There have been some good business books I’ve read and some bad. There aren’t too many in the middle which I can’t say were excellent and I also can’t say they’re bad.
The most recent business-related book I’ve read, Emotional Agility by Susan David is right in the middle. It was well-written but at times it was a bit on the academic side. She’s just too smart for her own good to connect with a basic mind such as my own.
There were times when I think the book went so over my head that I tended to tune out a bit. I thought there was some useful tips in the book when I did follow but I’m not sure any of it was memorable enough for me to recall without going over some of my notes.
Even my notes were a bit sparse on emotional agility. It’s either because I already practice emotional agility or I’m so immature that I’ll never achieve emotional agility 🙂
The one thing that I did love about the book is that Susan David called out self-help books as the track heap garbage that they are. No, she didn’t call them that as she’s too smart (and diplomatic) to say it the way I just did.
Self-help books are often garbage, though. They talk about thinking a certain way of thinking and changing your thinking to achieve certain results. It’s just not that easy. You know, people like Tony Robbins are a total joke because everything becomes just a mindset that’s easy to change.
This book doesn’t treat helping achieve emotional agility in a self-help kind of way at all. She provides real stories and real ways of modifying your thinking that we’re actually able to achieve. It’s not just up to us thinking it and doing it that will change us. If we can’t think it and then do it then we’re a failure according to most self-help books.

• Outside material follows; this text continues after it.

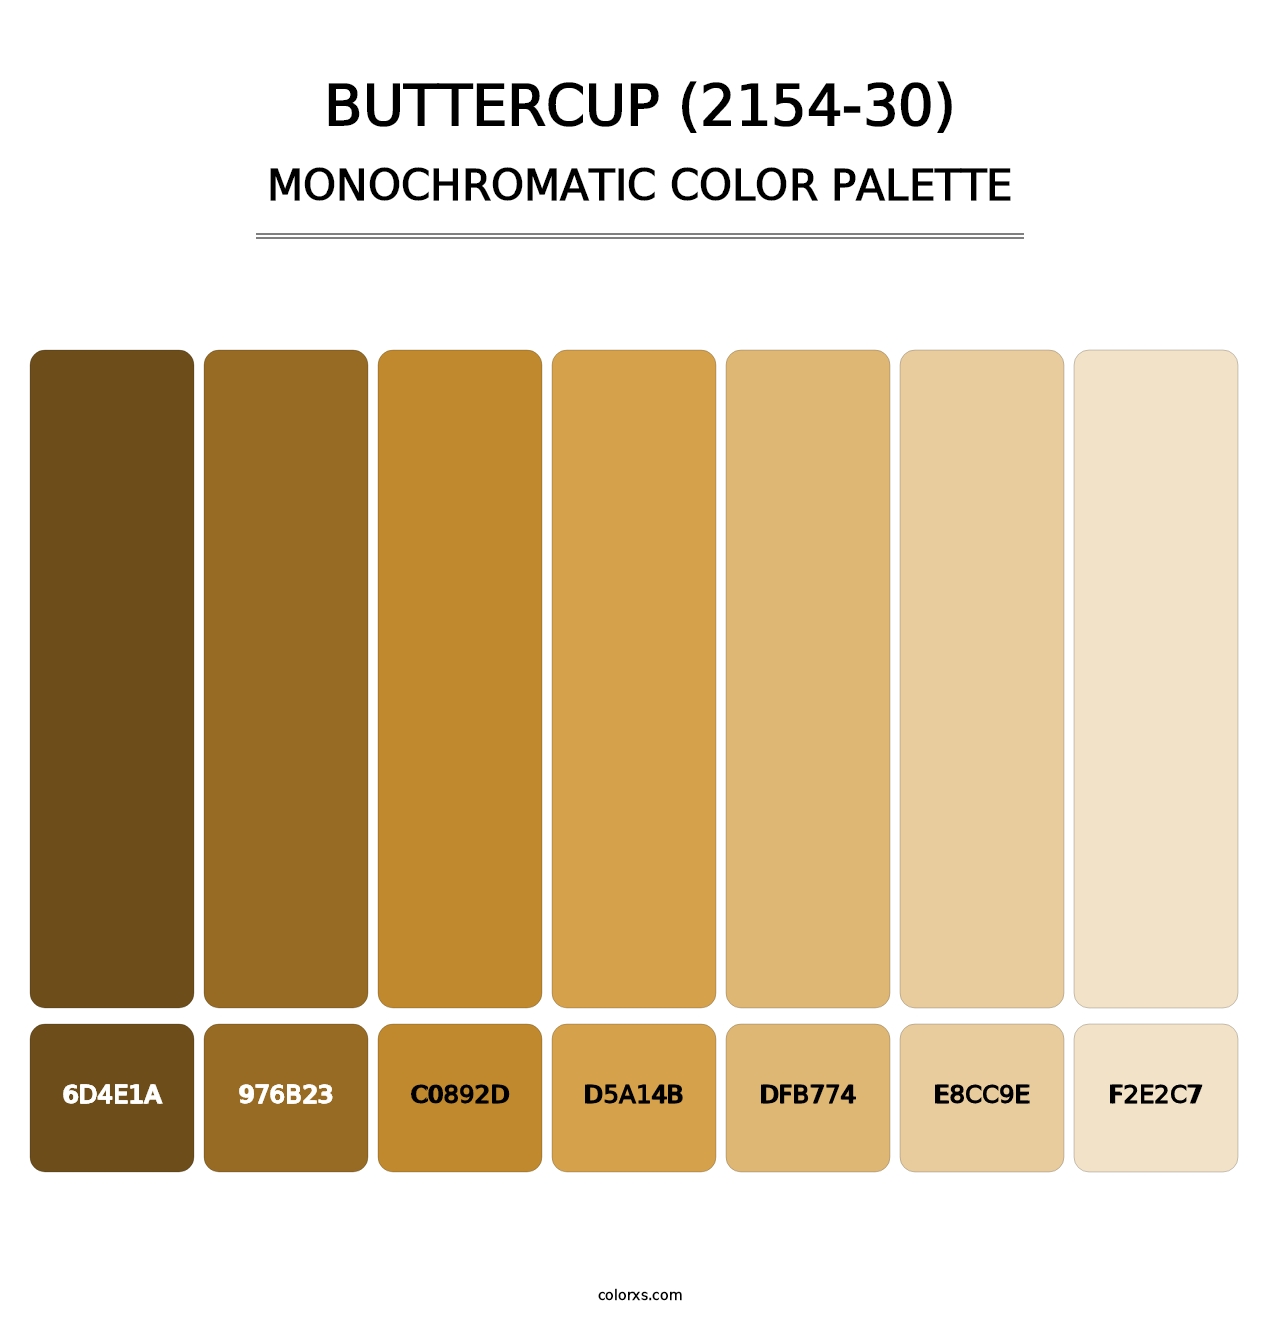 Buttercup (2154-30) - Monochromatic Color Palette
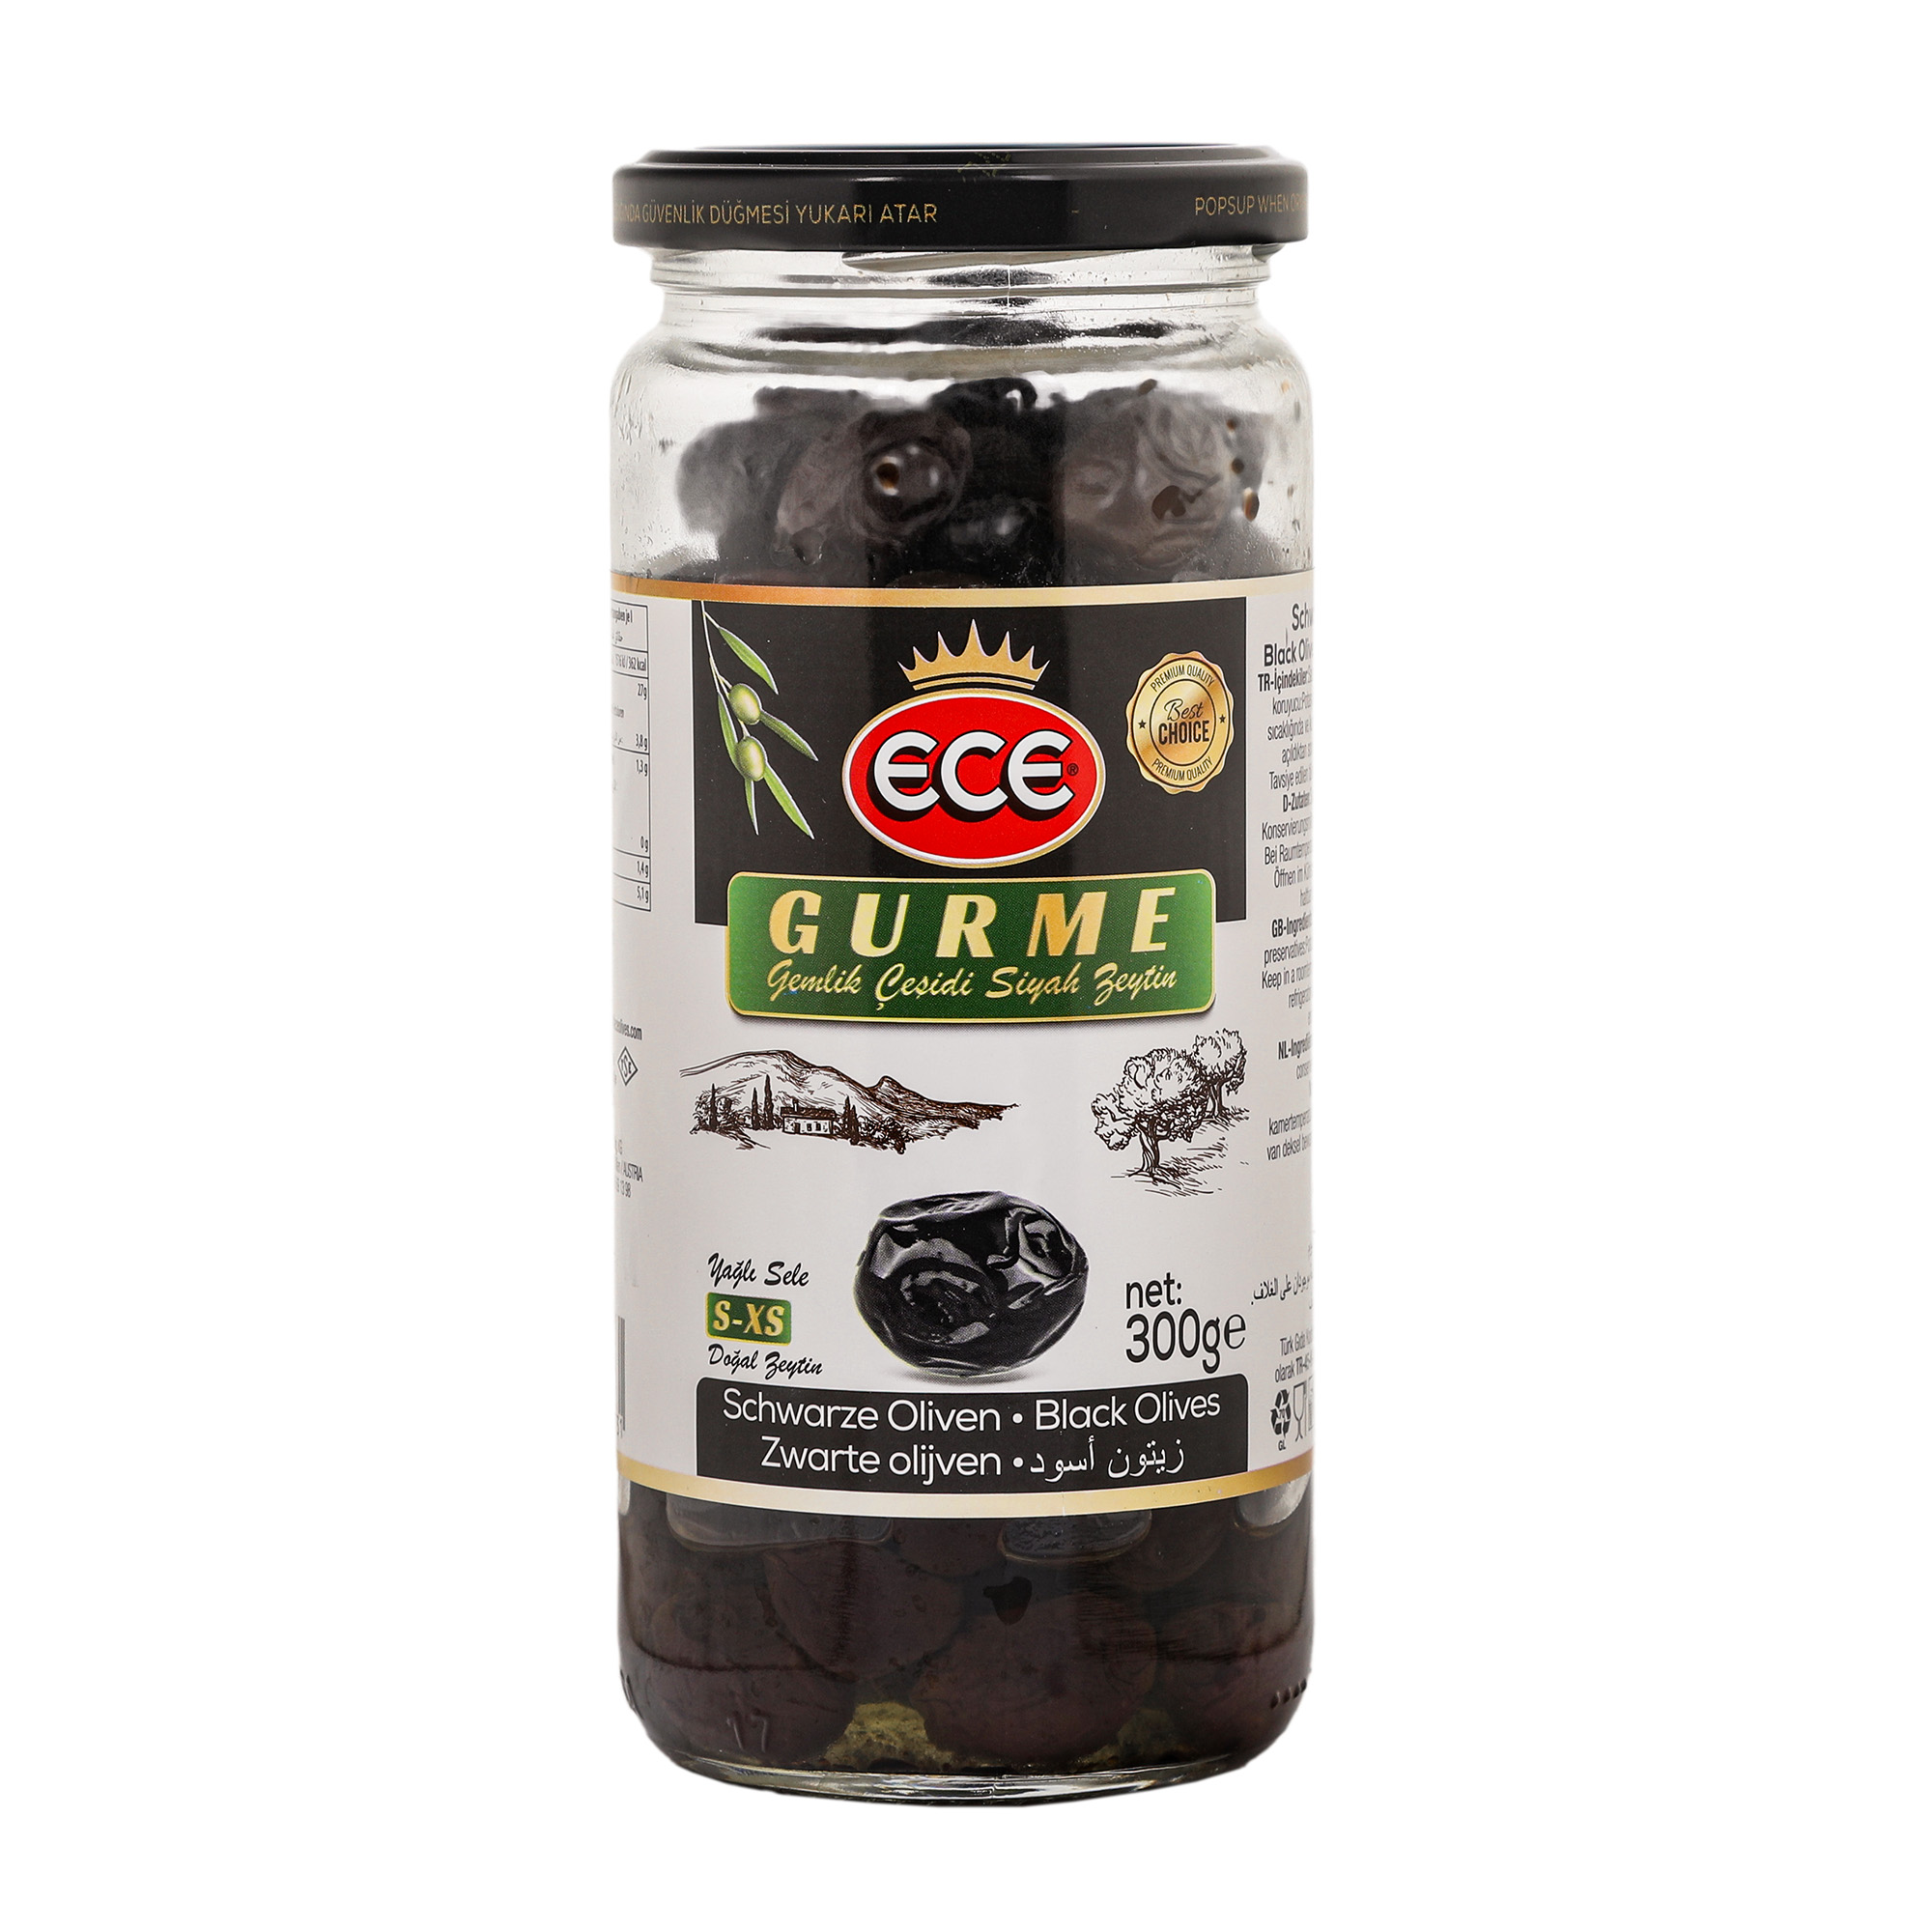 Оливки черные Ece Gurme в масле с косточкой, 300 г

If we don’t achieve their results then we didn’t work hard enough or try hard enough. BS. Emotional Agility doesn’t treat things this way as there is real science behind it.
I like that about this book.
The book also presents an interesting way of thinking about stress. Here’s one of my favorite quotes:
Denying stress, bottling it, or brooding about it is counterproductive. Avoiding stress is impossible, but what we can do is adjust our relationship to stress. It doesn’t have to own us. We can own it.
Excerpt From: Emotional Agility by Susan David
Stress is inevitable, and we just have to adjust our relationship with it instead of eliminate it. Good advice. It’s not about bottling it up or just letting it all go to some innocent bystandard. Neither way is the best way which you’ll learn in the book. There is a third and ideal way.
So, while this isn’t my favorite book or far from the worst book I’ve read, it’s still worth the read. You may find yourself tuning out at times but that’s okay, you’ll still get some good information from the book.
Up Next
I actually finished Emotional Agility a few days ago but just hadn’t written about it yet. So, I’m pretty well into the next book I’m reading, Instructions for a Heatwave by Maggie O’Farrell.
It started out a bit awkward but I soon got into the flow it if. It’s an excellent book if you can decipher some British terms that aren’t common in the US. Luckily I’m reading in Apple Books, so I can get the definition of the words or more context right as I’m reading.
One word I’m kind of embarrassed I had to look up because it’s so obvious once you look it up is lino. It’s just that I’ve never heard linoleum referred to as lino. Obvious, right? Not so much when you’re already processing many differences between British English and US English.
It’s a good book, though. Very entertaining and I’d already recommend reading it.